El Salvador's Crypto President Could Stay in Power for Decades After Changes to Constitution
First elected in 2019 on a promise to crack down on gangs, Bukele was supposed to be prohibited from running for re-election in 2024. But the country's Supreme Court of Justice ruled in 2021 that one of the articles in El Salvador's constitution allows a president to run for re-election once. Bukele's New Ideas Party removed magistrates in the Supreme Court who had opposed the president, clearing the path for Bukele to rule the country with an iron fist and make any constitutional changes necessary to remain in power indefinitely.
Bukele was re-elected in 2024 under those extremely dubious circumstances, and his term was scheduled to end on June 1, 2029. But lawmaker Ana Figueroa from the New Ideas Party has suggested moving up Bukele's re-election to June 1, 2027, to put it more in line with congressional elections, according to the Associated Press.
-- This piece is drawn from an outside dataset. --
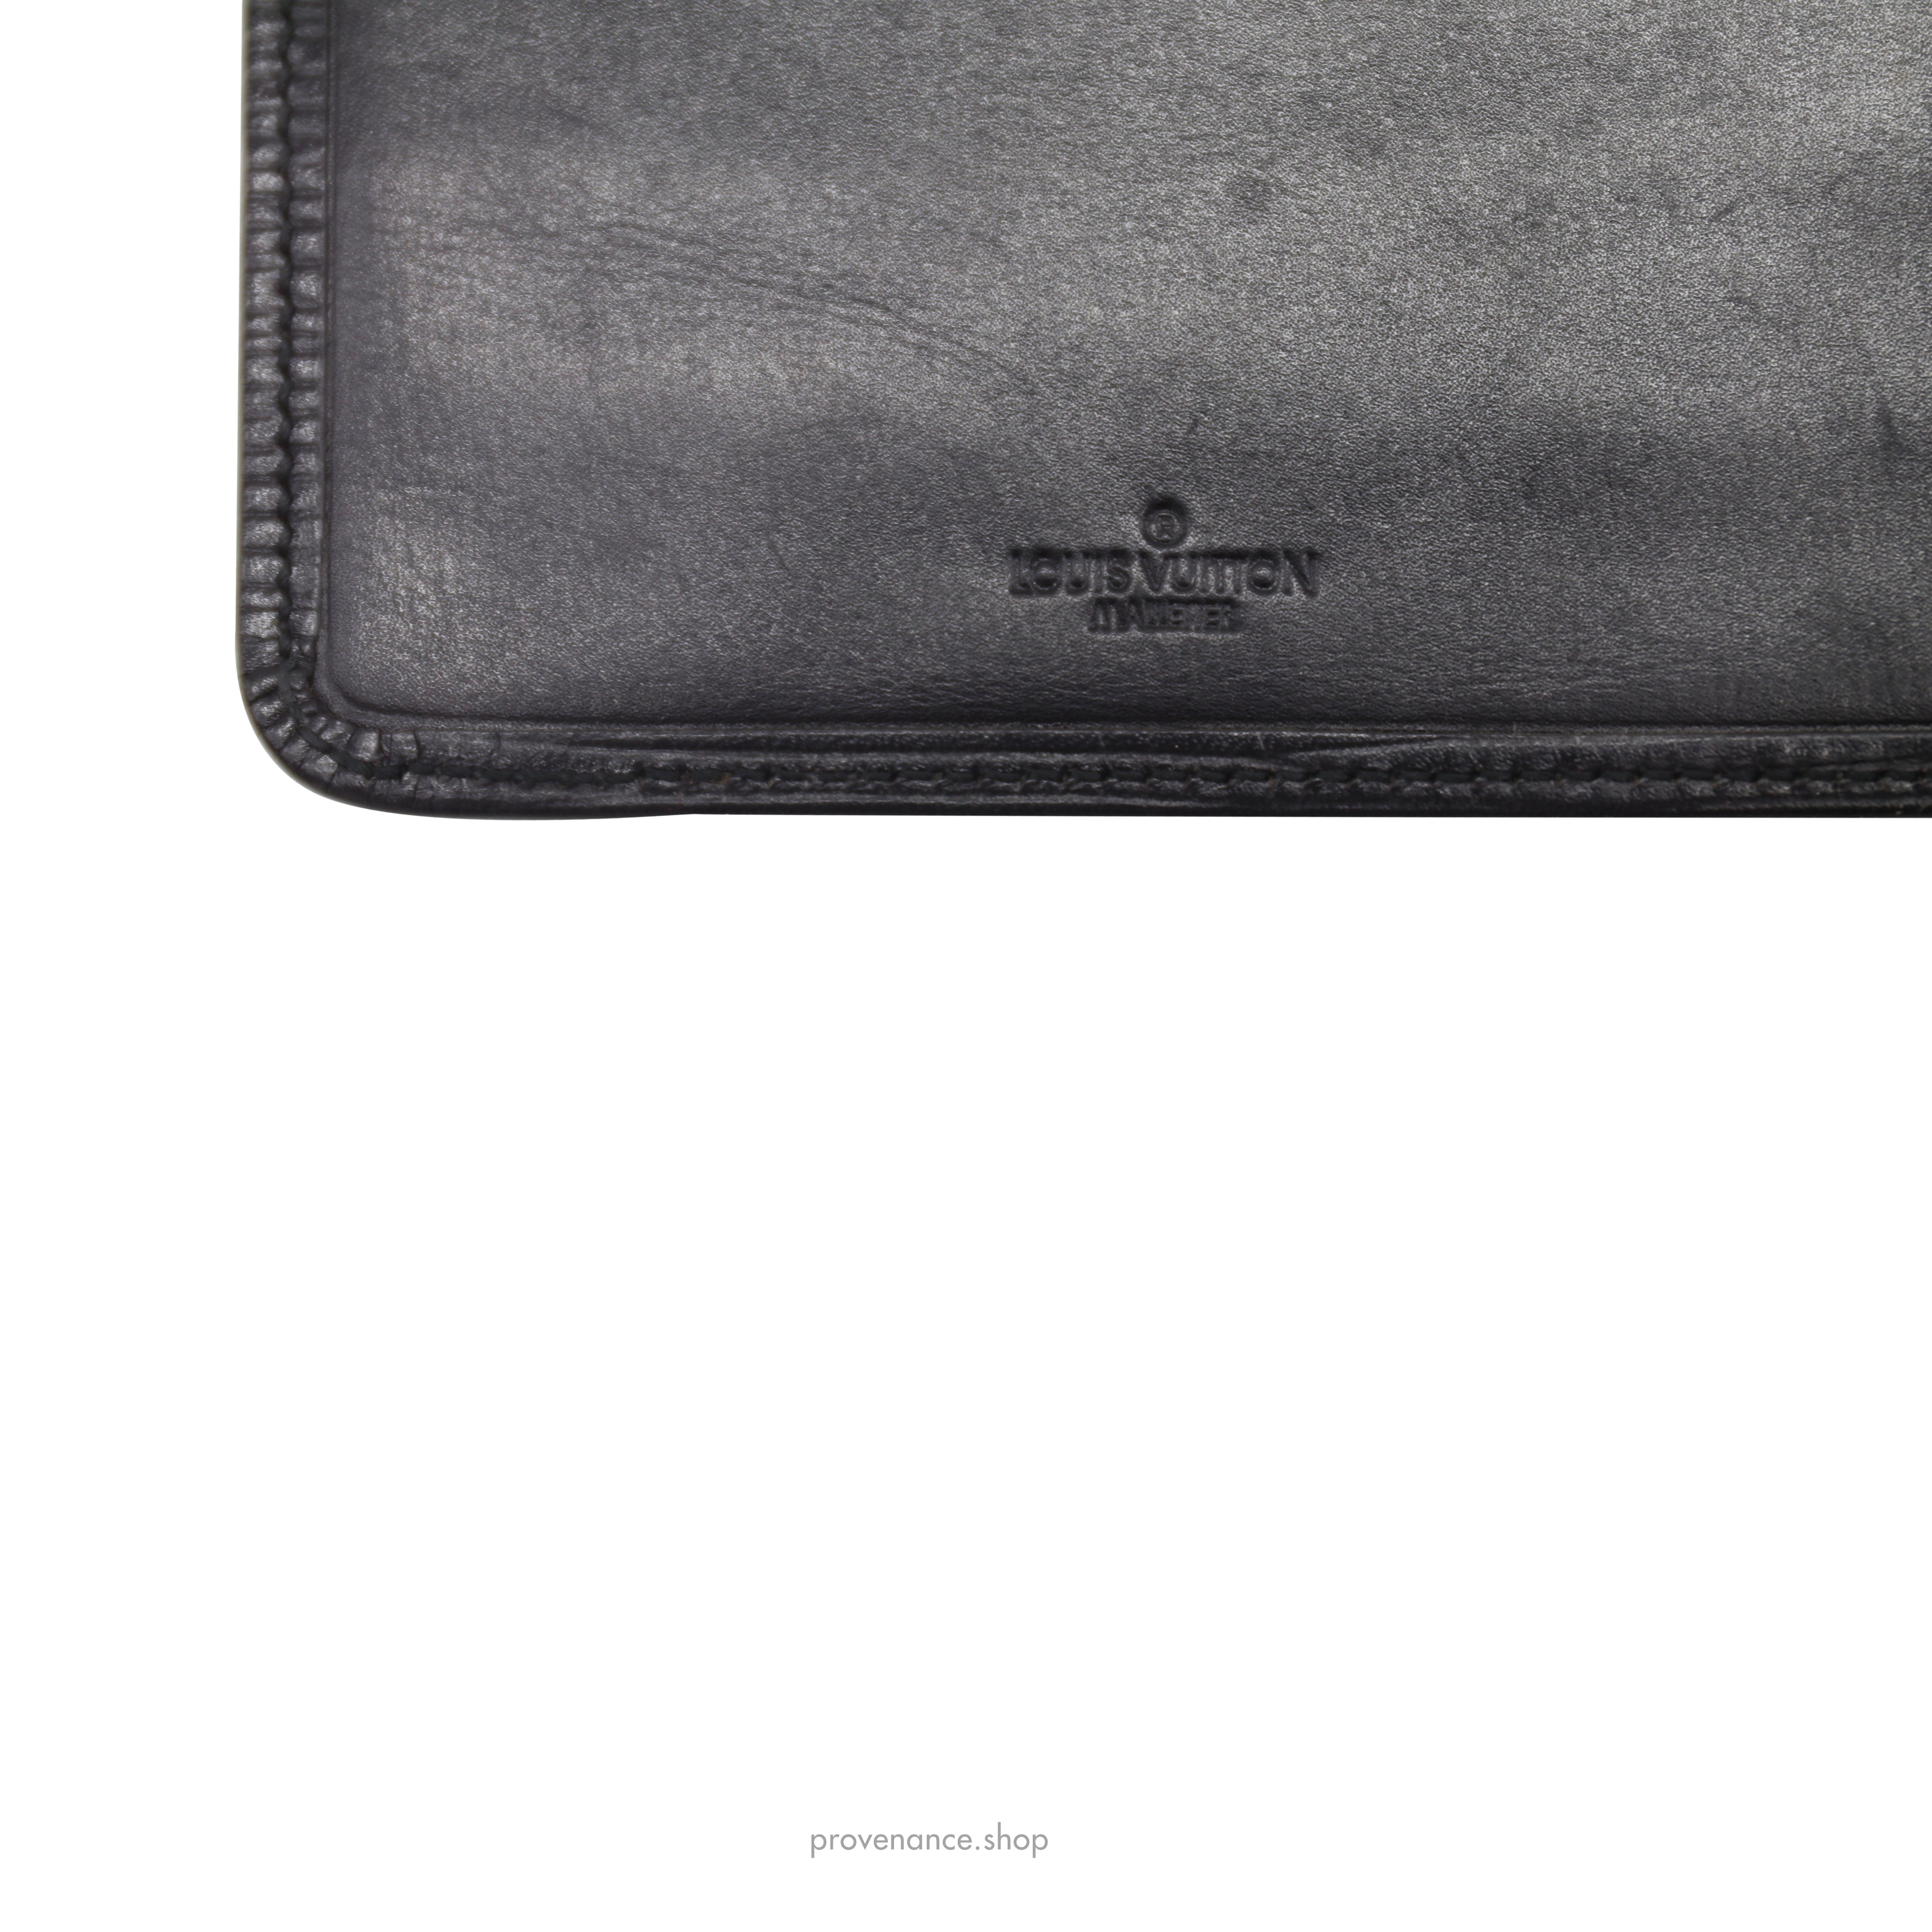 Louis Vuitton Malletier Long Wallet

With the new changes and Bukele's popularity, it would presumably allow the president to consolidate even more power now that he could be re-elected again and again, both without term limits and for a longer term each time.
The vote to strip term limits for the president and extend the length of each term passed by 57 to 3. And one of the three dissenters, Marcela Villatoro of the Nationalist Republican Alliance, warned that democracy would be weakened with the changes, according to the AP.
'You don't realize what indefinite reelection brings: It brings an accumulation of power and weakens democracy … there's corruption and clientelism because nepotism grows and halts democracy and political participation,' Villatoro is quoted as saying in an English language translation.
Bukele, a fan of Elon Musk and frequent user of X, hasn't tweeted about the changes yet. But guys like Musk and Trump are no doubt excited that their buddy in Central America is going to get even more power. Trump met with Bukele in the White House back in April when the U.S. president was shipping migrants to the U.S. to El Salvador's torture prison. The men sent there, some of whom have been released into Venezuela, have told horror stories about being beaten, given dirty water, and sexually assaulted.
Bukele rode into office and remains popular because he promised to crack down on gangs. But recent reporting from the country's El Faro news outlet claims Bukele's government signed a secret pact in 2019 with gang leaders to dial back violence in the country. Part of the deal, according to the news outlet, was providing financial incentives. Bukele has taken credit for reducing violence by insisting it's all part of his brutally violent crackdown.
Bukele has invested his country's money heavily in crypto, holding nearly $550 million of its foreign exchange reserves in bitcoin, according to Reuters, which amounts to about 15%. And while that may seem like a fine thing to do when bitcoin is soaring, it's extremely risky for any government when the price of crypto is so volatile. Bukele's government made reassurances to the International Monetary Fund that it would scale back its crypto project in exchange for a $1.4 billion bailout from the IMF. But as the Council on Foreign Relations pointed out in May, the country is still buying bitcoin.
As CoinTelegraph reported in June, El Salvador has added at least 240 BTC since Dec. 19, 2024, right after the agreement with the IMF was announced. That's more than $27 million at the current bitcoin price, which is hovering around $114,500, near the record high of about $123,000. It's not clear what the IMF may do since El Salvador violated its agreement, but whatever happens, the government needs to hope the price doesn't plummet.